One of the biggest, most persistent fears among pro-gun activists — aside from the ever-present threat of other people — is the notion of a national database of firearms and their owners.
This is one of the reasons they strongly oppose any gun control measures that would require gun owners to register their guns. The thought of President Barack Hussein Obama making a list, checking it twice, and then strolling through the suburbs taking everyone's guns has been the National Rifle Association's implied last-straw rallying cry for a while now. (Your marriage is defenseless, your Christmas is under siege, YOUR PETS HEADS ARE FALLING OFF!)

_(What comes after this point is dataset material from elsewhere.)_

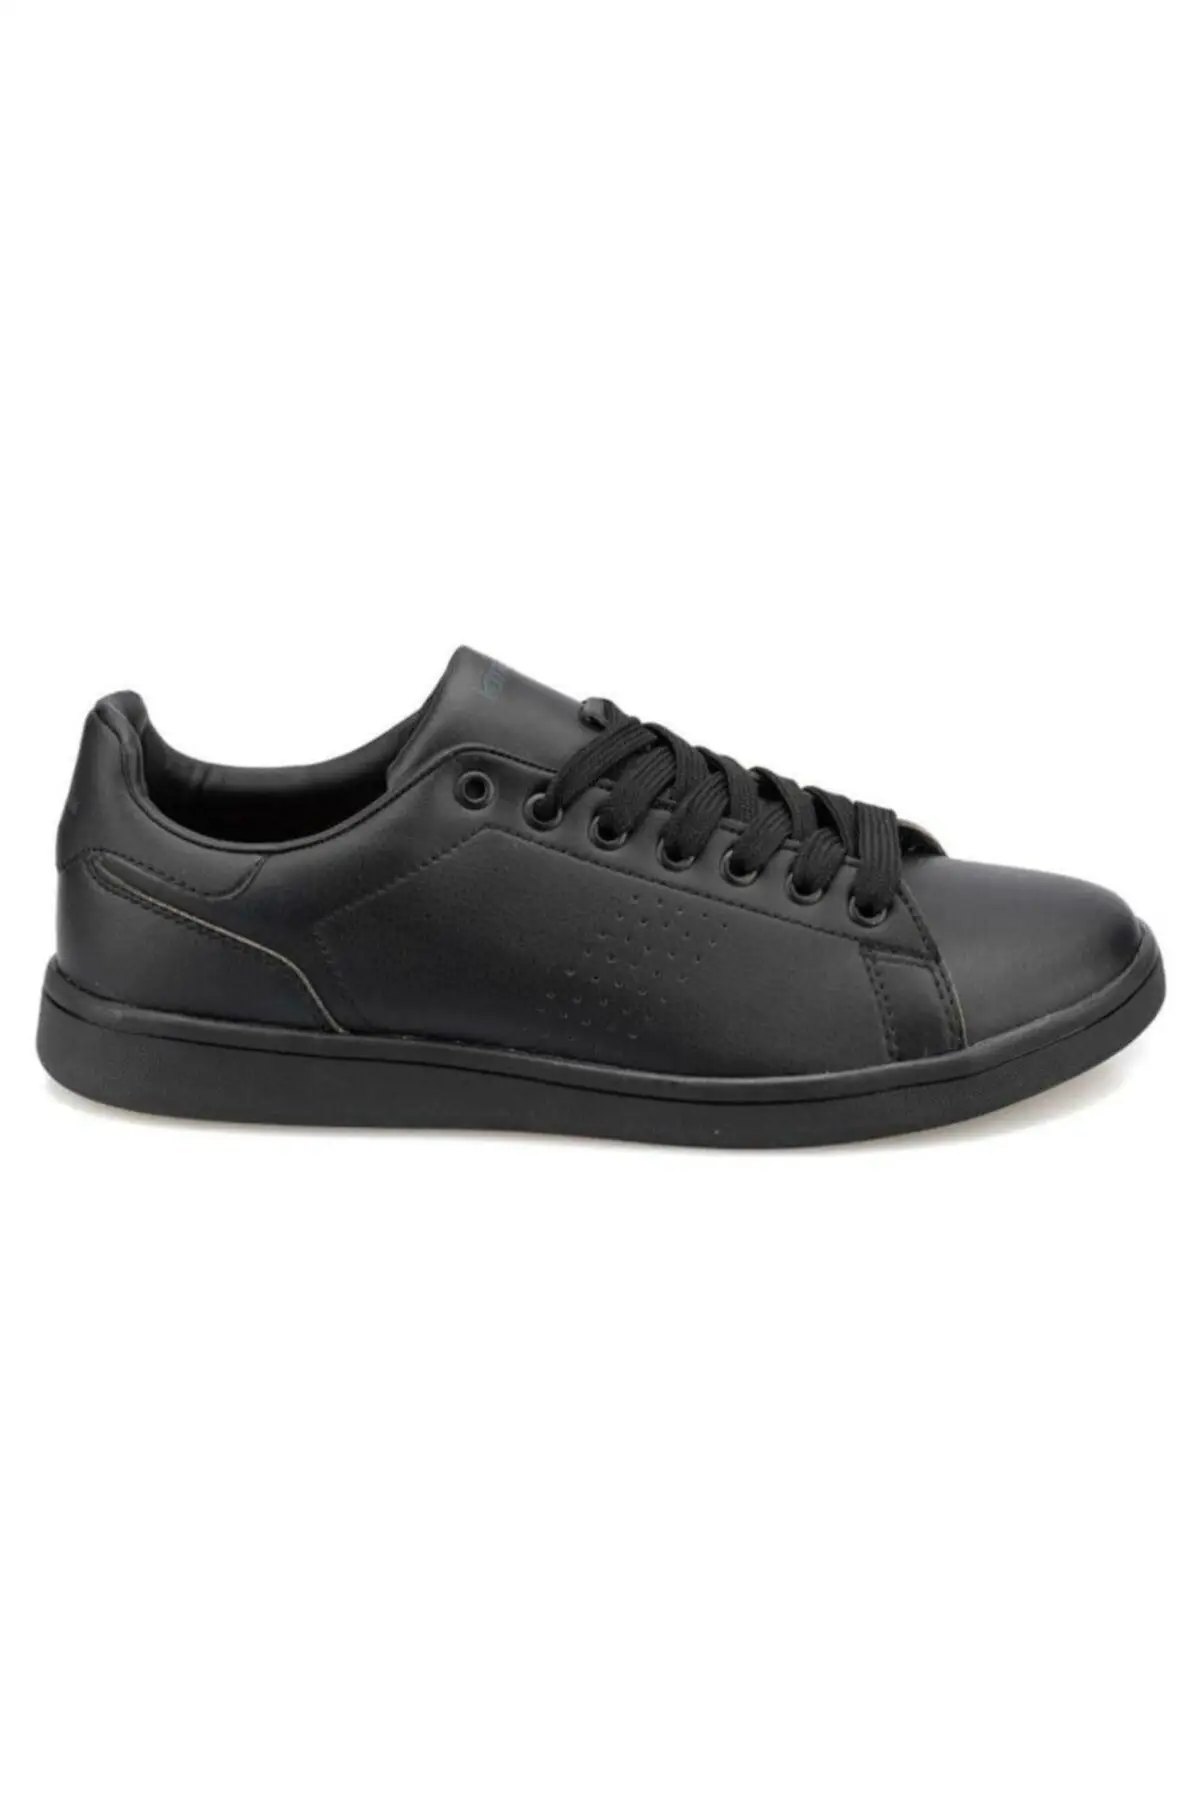 

SarEn As00280332 100430629 Plan M 9pr Male Sports Shoes Black (Kinetix)

OK, actually, paranoia about what kind of files our government is keeping on its citizens is seeming increasingly justified in the post-Snowden era. In any case, gun owners, your fears are confirmed. There is a massive database, and your names are likely on it. Et tu, NRA?
But in fact, the sort of vast, secret database the NRA often warns of already exists, despite having been assembled largely without the knowledge or consent of gun owners. It is housed in the Virginia offices of the NRA itself. The country’s largest privately held database of current, former, and prospective gun owners is one of the powerful lobby’s secret weapons, expanding its influence well beyond its estimated 3 million members and bolstering its political supremacy. That database has been built through years of acquiring gun permit registration lists from state and county offices, gathering names of new owners from the thousands of gun-safety classes taught by NRA-certified instructors and by buying lists of attendees of gun shows, subscribers to gun magazines, and more, BuzzFeed has learned.
Later on in the piece, former NRA lobbyist Richard Feldman estimates that the organization keeps records on "tens of millions of people." Of course, he also notes that while gun owners' information is being kept without their knowledge or consent, many will likely not care. After all, the NRA is not the government.
Still, the irony is thick. While the NRA has used the notion of such a database to rally opposition to gun-control efforts at the federal level, pro-gun conservatives in Tennessee successfully closed public and media access to handgun carry permit records in most cases last year.
So while the public-at-large is prevented from knowing the identity of hundreds of thousands of individuals, in this state alone, who are packing heat in public, the nation's largest gun lobbying organization is using the same information to get larger and more powerful.